Forces discrimination — respondents cannot rate everything “important”.
Recovers item utilities on a common scale that supports share-of-preference calculations.

This notebook walks through hierarchical Bayesian MaxDiff with MaxDiffMixedLogit: synthetic data → model fit → recovery diagnostics → respondent heterogeneity → share-of-preference output.

import warnings

import arviz as az
import matplotlib.pyplot as plt
import numpy as np
import pymc as pm

from pymc_marketing.customer_choice import (
    MaxDiffMixedLogit,
    generate_maxdiff_data,
)

warnings.filterwarnings("ignore", category=FutureWarning)

%config InlineBackend.figure_format = "retina"

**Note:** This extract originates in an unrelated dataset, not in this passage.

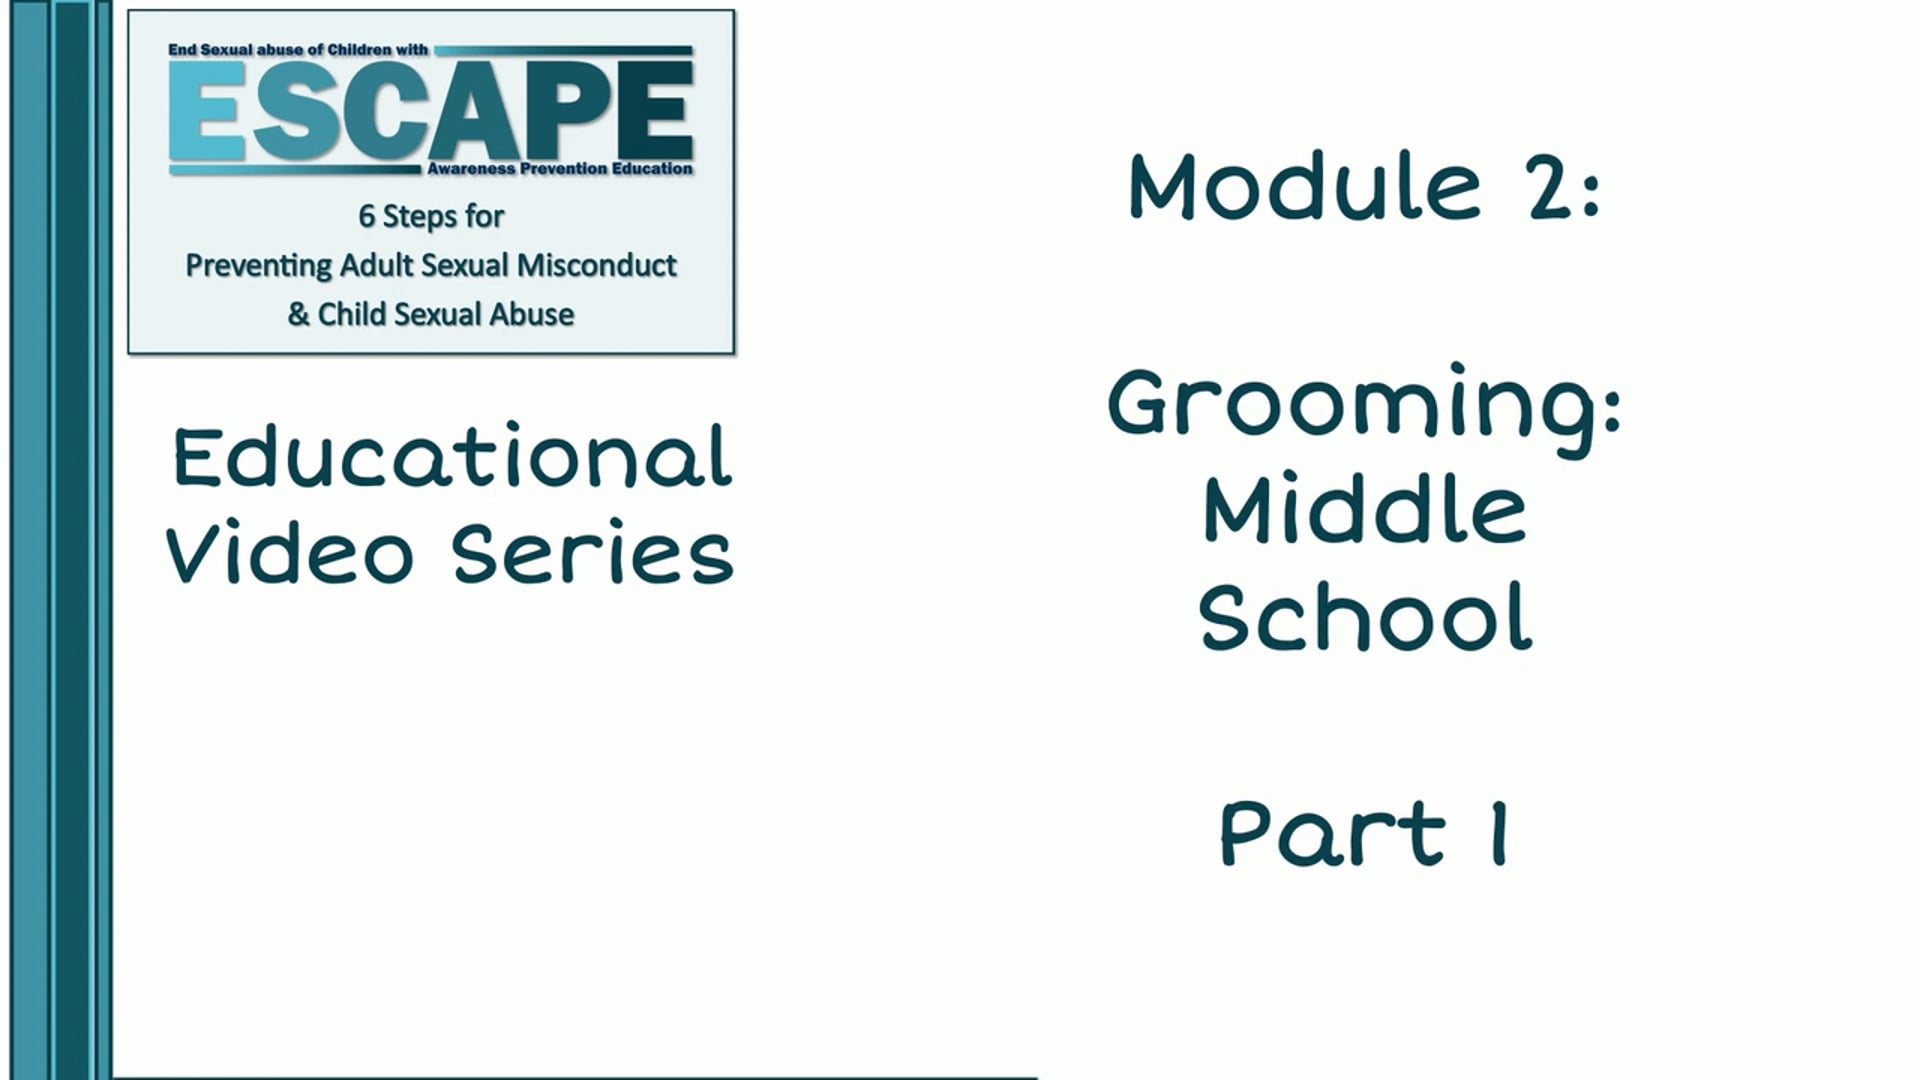 Grooming: Middle School

az.style.use("arviz-darkgrid")
plt.rcParams["figure.figsize"] = [10, 6]
plt.rcParams["figure.dpi"] = 100

SEED = 42
rng = np.random.default_rng(SEED)

Model#

For each task \(t\) a respondent \(r\) sees a subset \(S_t\) of the item pool and picks a best item \(b_t\) and worst item \(w_t\). The Louviere sequential best-worst likelihood decomposes the joint pick as

\[ P(b_t, w_t \mid S_t) = \underbrace{\mathrm{softmax}_{j \in S_t}(U_{rj})_{b_t}}_{\text{best pick}} \times \underbrace{\mathrm{softmax}_{j \in S_t \setminus \{b_t\}}(-U_{rj})_{w_t}}_{\text{worst pick (sign-flipped)}}. \]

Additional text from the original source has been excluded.